Deu a conhecer que o centro tem sensibilizado os habitantes para se prevenirem de doenças como o paludismo e as diarreias agudas, com a distribuição gratuita de desinfectantes para a água.
Em relação à energia disse que o centro recebia iluminação da rede pública das 17 horas até à meia-noite.

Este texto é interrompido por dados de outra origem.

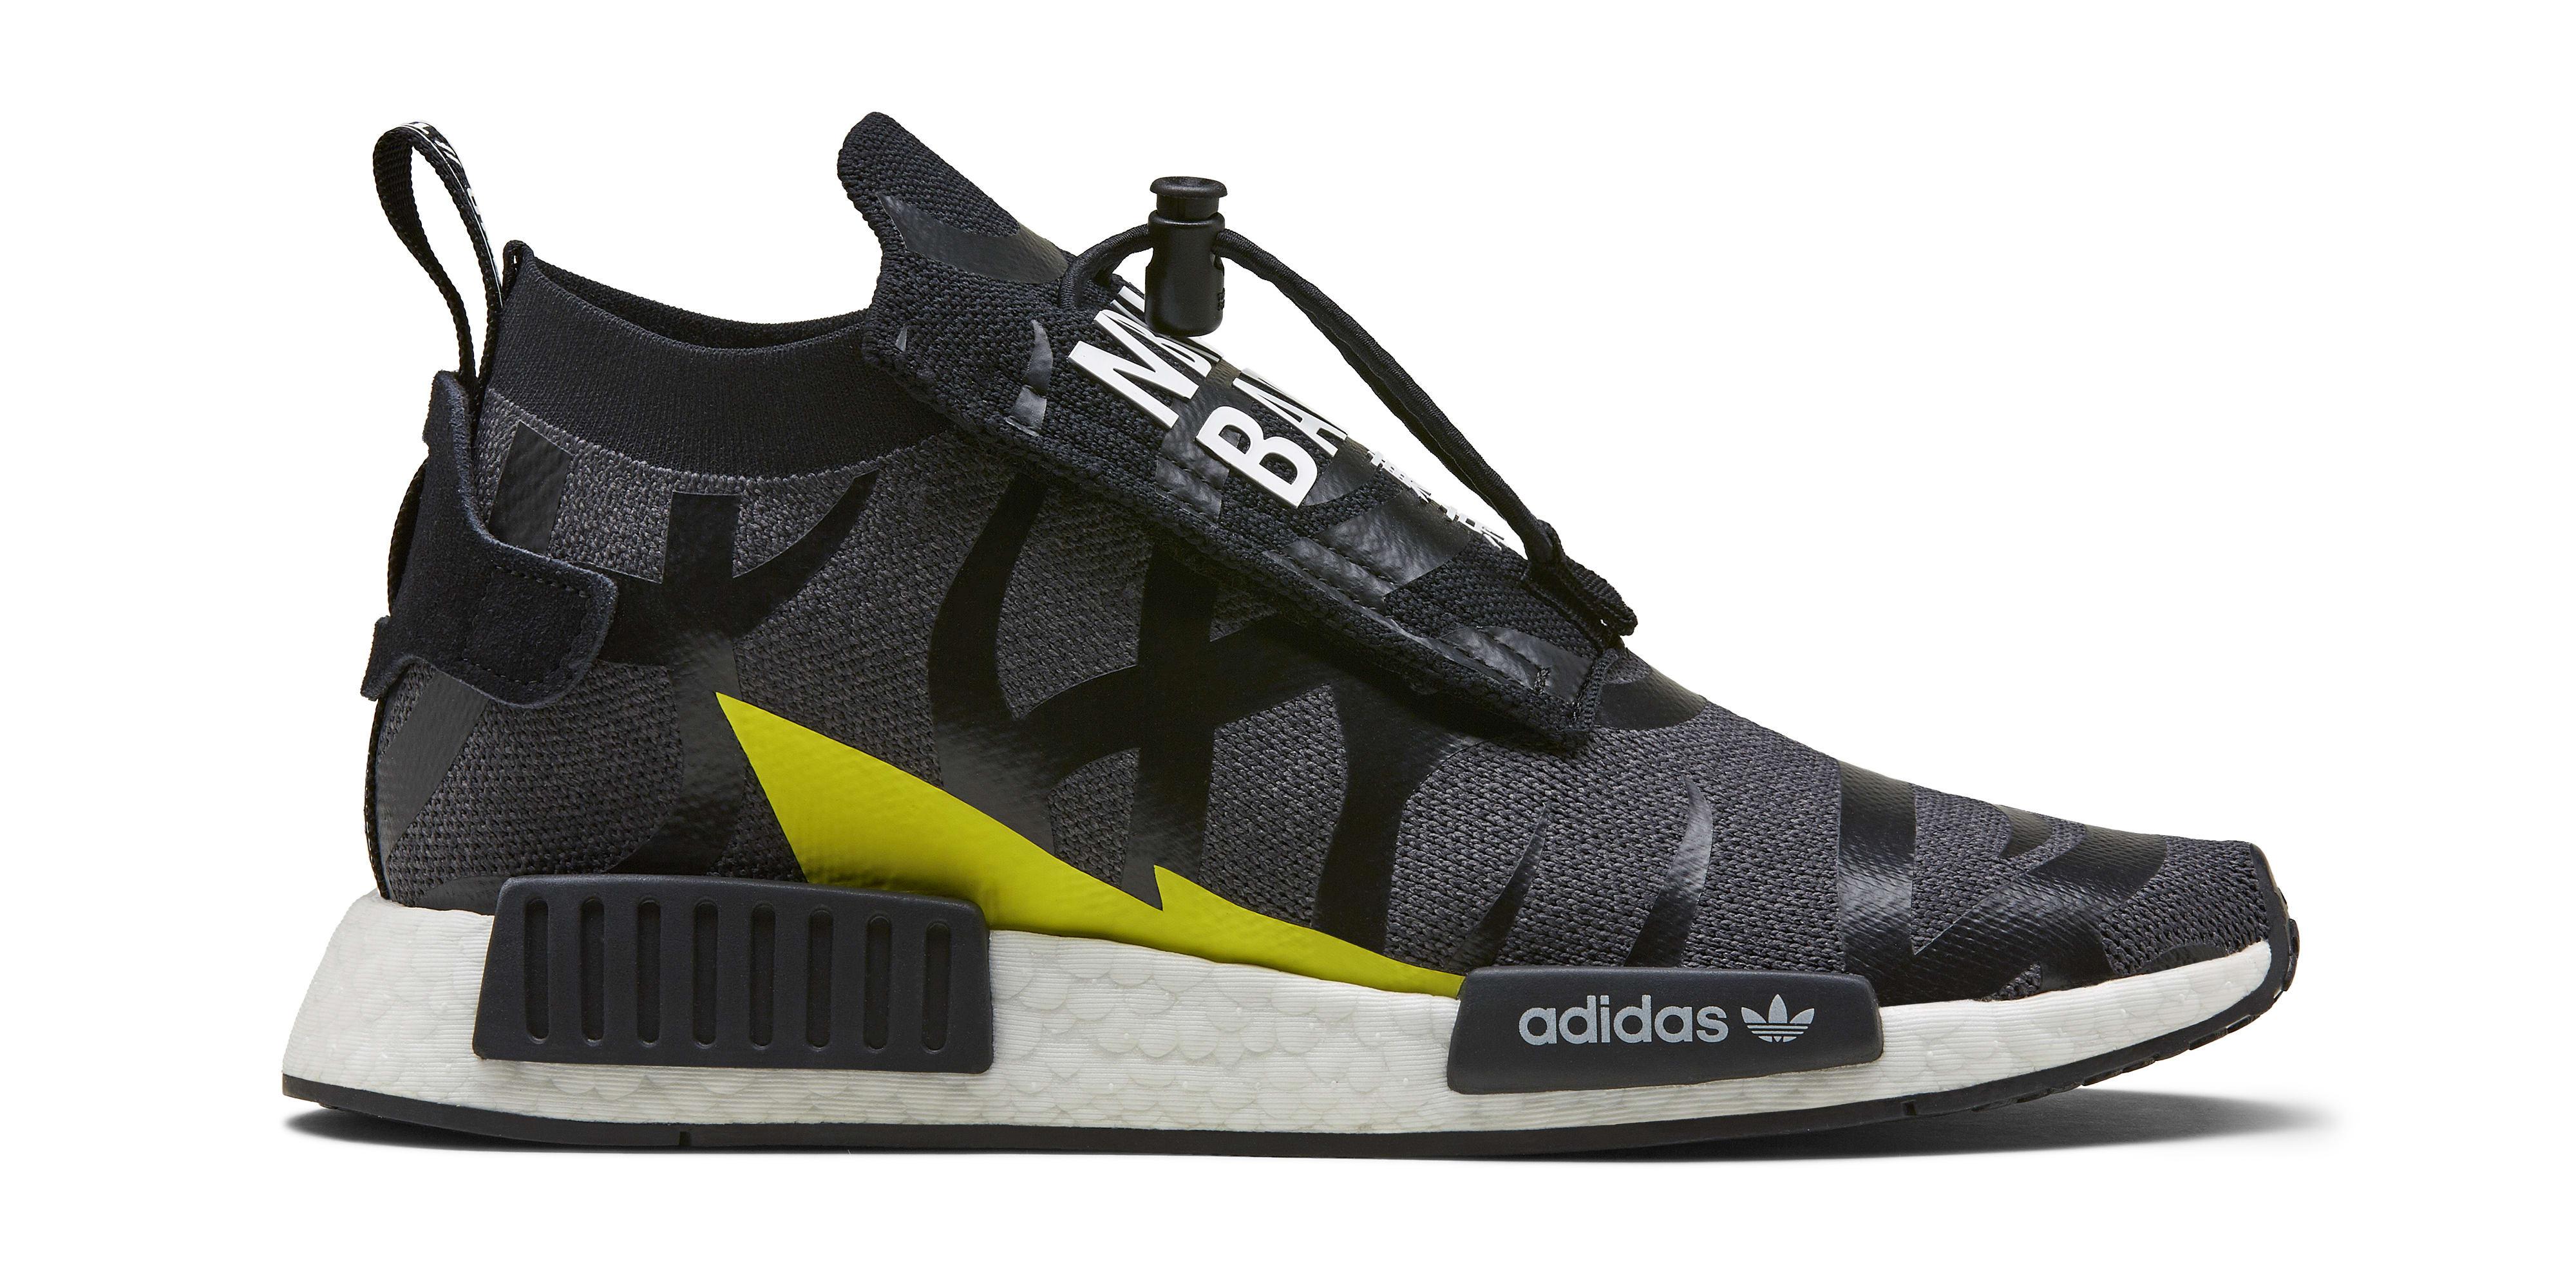 Bape x Neighborhood x Adidas NMD STLT EE9702 (Lateral)
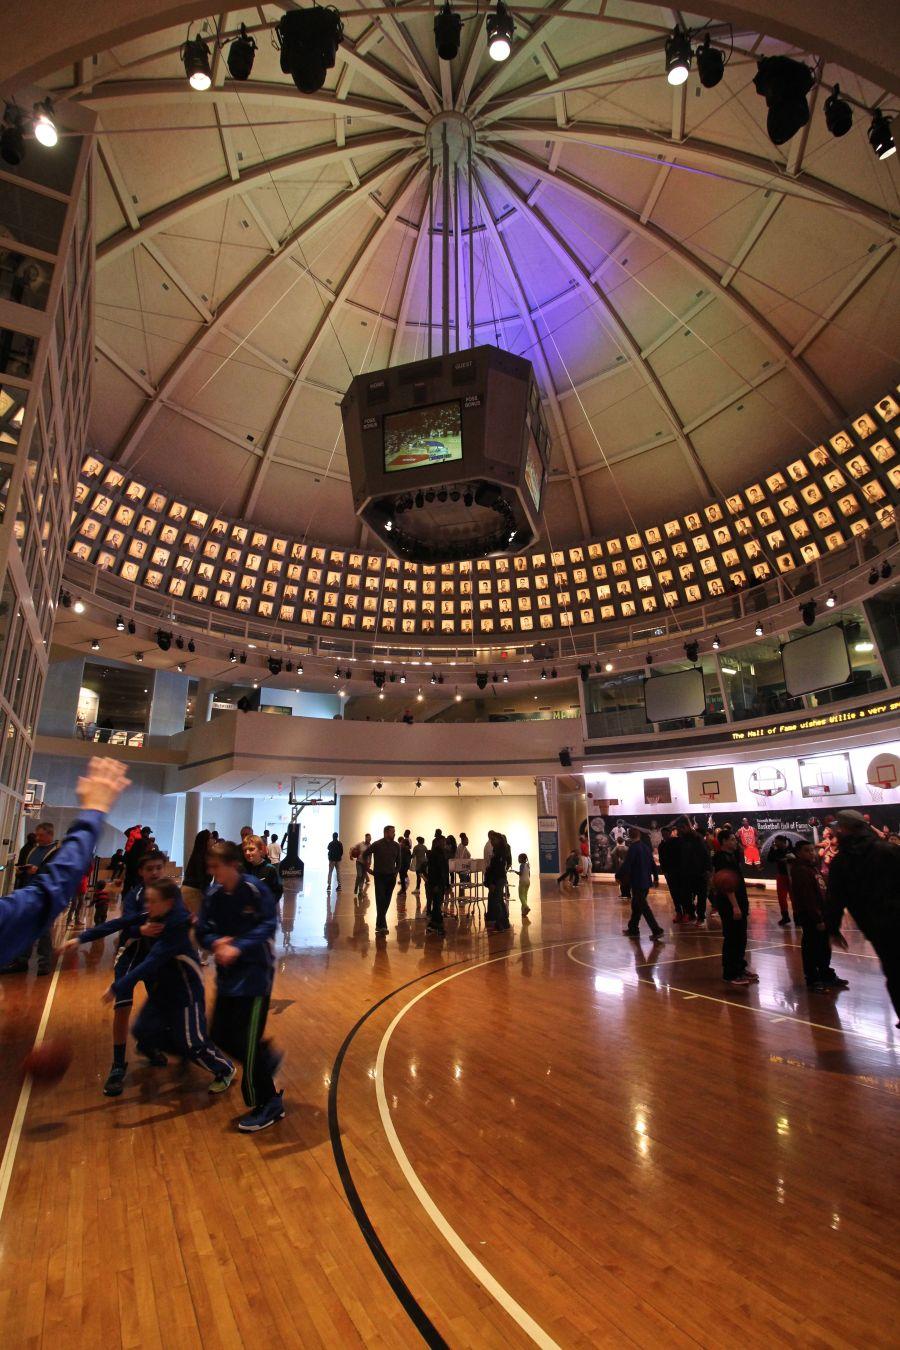 Springfield Naismith Memorial Basketball Hall of Fame basketball court floor

Lamentou, porém, o facto de o gerador encontrar-se avariado desde Novembro último, o que tem afectado o funcionamento do centro.
Revelou que o centro não possui nenhuma ambulância para o transporte de doentes, mas que tem recebido pontualmente o apoio do hospital dos Gambos, que dispõe de duas viaturas para esse fim.
Por se tratar de uma região com intensa actividade mineral, questionado sobre se algumas das doenças descritas estavam relacionadas com a prospecção e extracção de inertes, afirmou que não se podia estabelecer uma relação de causa/efeito, por falta de estudos aprofundados nesse domínio.
Admitiu que entre os pacientes que acorriam ao centro, muitos deles eram trabalhadores das empresas de mineração.
Questionado sobre a existência de medicamentos, Alcino Baptista revelou que o centro dispunha dos principais fármacos, nomeadamente anti-palúdicos e antibióticos. “ Às vezes, temos tido rupturas de stock, já que dependemos do hospital municipal dos Gambos”.
À pergunta sobre se as empresas de exploração de inertes têm cumprido com as suas responsabilidades sociais, o responsável respondeu favoravelmente. “Quando necessitamos de água ou combustível para o nosso gerador, ou limpar o capim à volta do centro, temos recebido o apoio dessas empresas que nos enviam os seus equipamentos”, sem no entanto citar nomes.